Chancelle la regarda longuement, comme si elle attendait ce moment. Ses yeux brillèrent brièvement, comme une flamme qui vacille sous le vent.

"La graine en toi est un don et une malédiction," répondit la prêtresse, ses mots tombant lentement, lourdement. "Elle t'a choisie, non pas parce que tu le mérites, mais parce qu'elle a vu en toi un potentiel, un pouvoir qui pourrait transformer le monde. Mais tout pouvoir a un prix, Elara. Et ce prix, tu devras le payer, tôt ou tard."

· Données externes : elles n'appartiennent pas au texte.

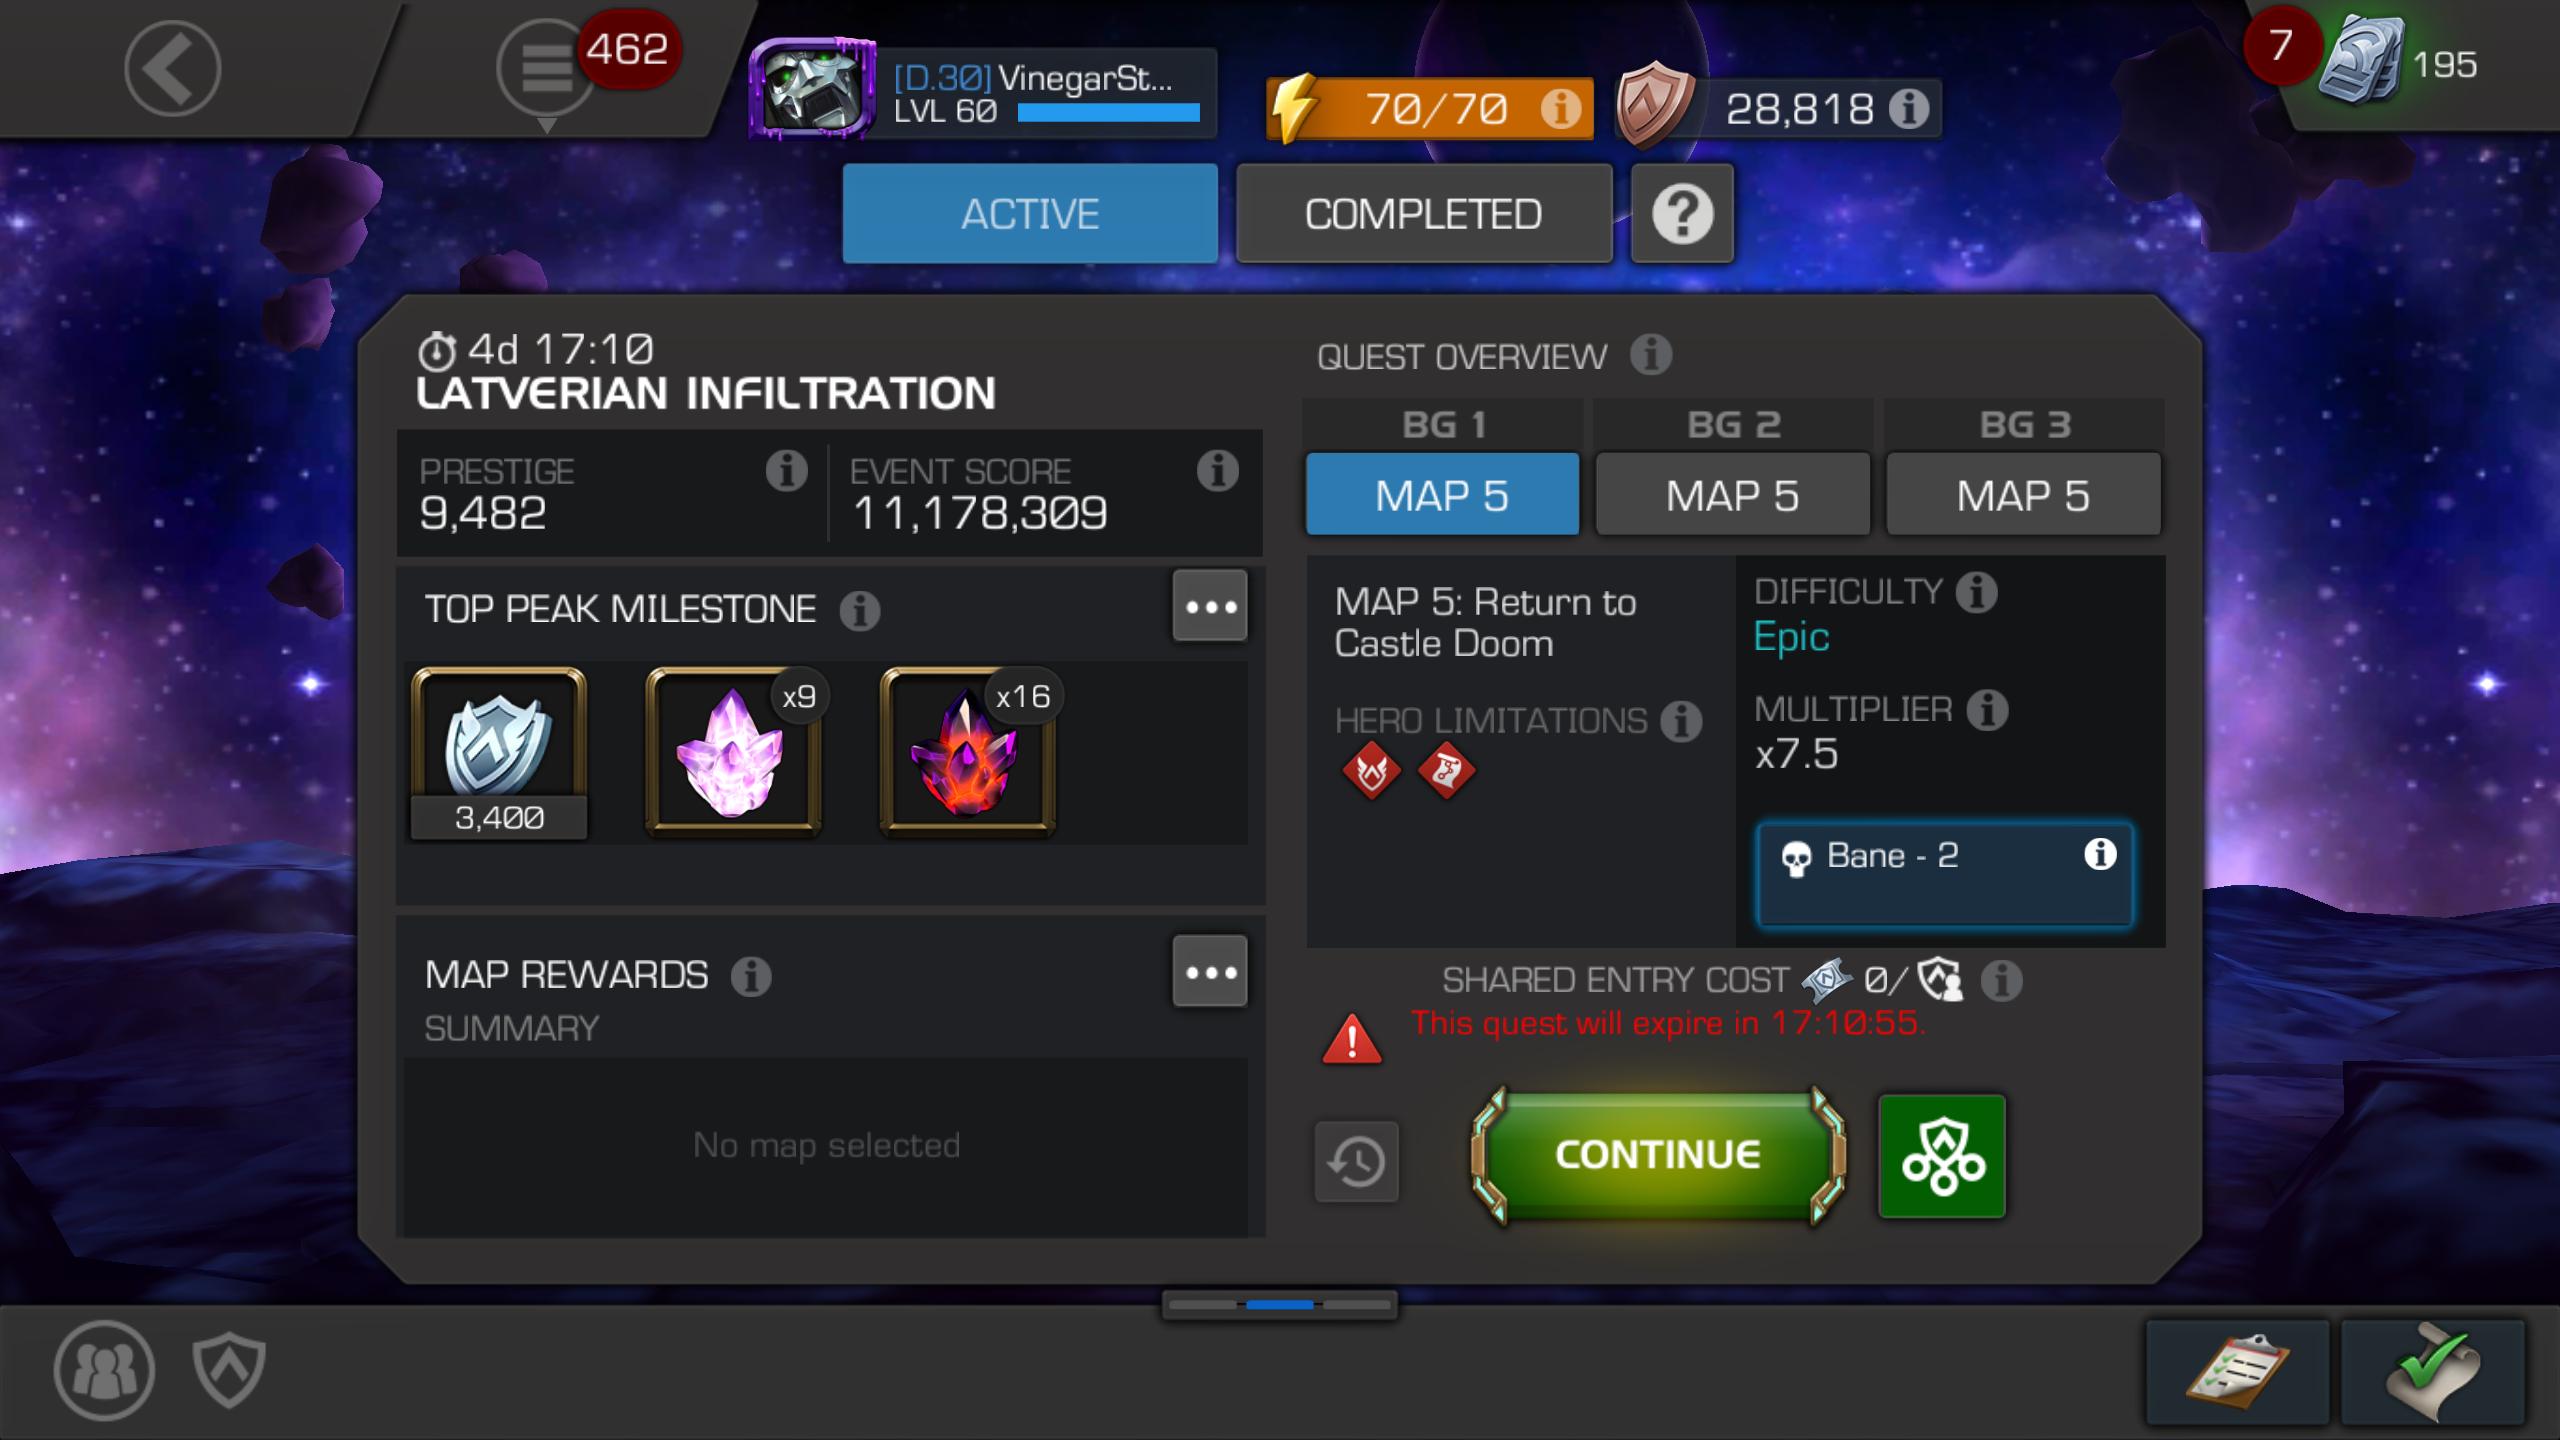 AQ Information

Elara sentit un frisson glacé courir le long de sa colonne vertébrale. "Un prix... ?"

"Oui," confirma Chancelle. "Et ce prix pourrait être plus élevé que tout ce que tu as jamais imaginé. Mais tu n'as pas le choix, ma chère. Si tu veux comprendre ce pouvoir, si tu veux comprendre pourquoi la forêt t'a marquée, tu devras plonger dans ses racines, dans ses mystères les plus sombres. Tu devras affronter ce qui dort dans les entrailles de cette terre."

Elle se tourna alors vers Ricardo, qui observait la scène avec une attention discrète, comme si chaque mouvement de Chancelle et d'Elara était un pas vers quelque chose de plus grand, de plus incompréhensible.

"Le moment approche," murmura Chancelle. "Les forces qui se battent pour contrôler cette magie s'intensifient. Faust, Akhenaton, Geovanie... Ils ne cesseront jamais. Et toi, Elara, tu es le cœur de tout cela. Tu seras l'élément qui fera pencher la balance, pour le meilleur ou pour le pire."

Les mots de la prêtresse se bousculaient dans l'esprit d'Elara, se mélangeaient avec les échos de la forêt, des murmures qui semblaient lui parler directement, l'invitant à comprendre, à accepter. Mais pour cela, elle devait d'abord accepter ce qu'elle était, ce qu'elle portait en elle.

Elle leva enfin les yeux vers Chancelle, ses yeux brillants de la lueur d'une détermination nouvelle. Elle n'avait pas encore compris tout ce qu'elle devait faire, mais elle savait que la réponse se trouvait quelque part dans cette forêt. Et que pour y parvenir, elle n'aurait d'autre choix que de se jeter dans l'inconnu.

"Alors, montrons-moi," dit-elle d'une voix calme mais ferme. "Montrez-moi ce que je dois faire."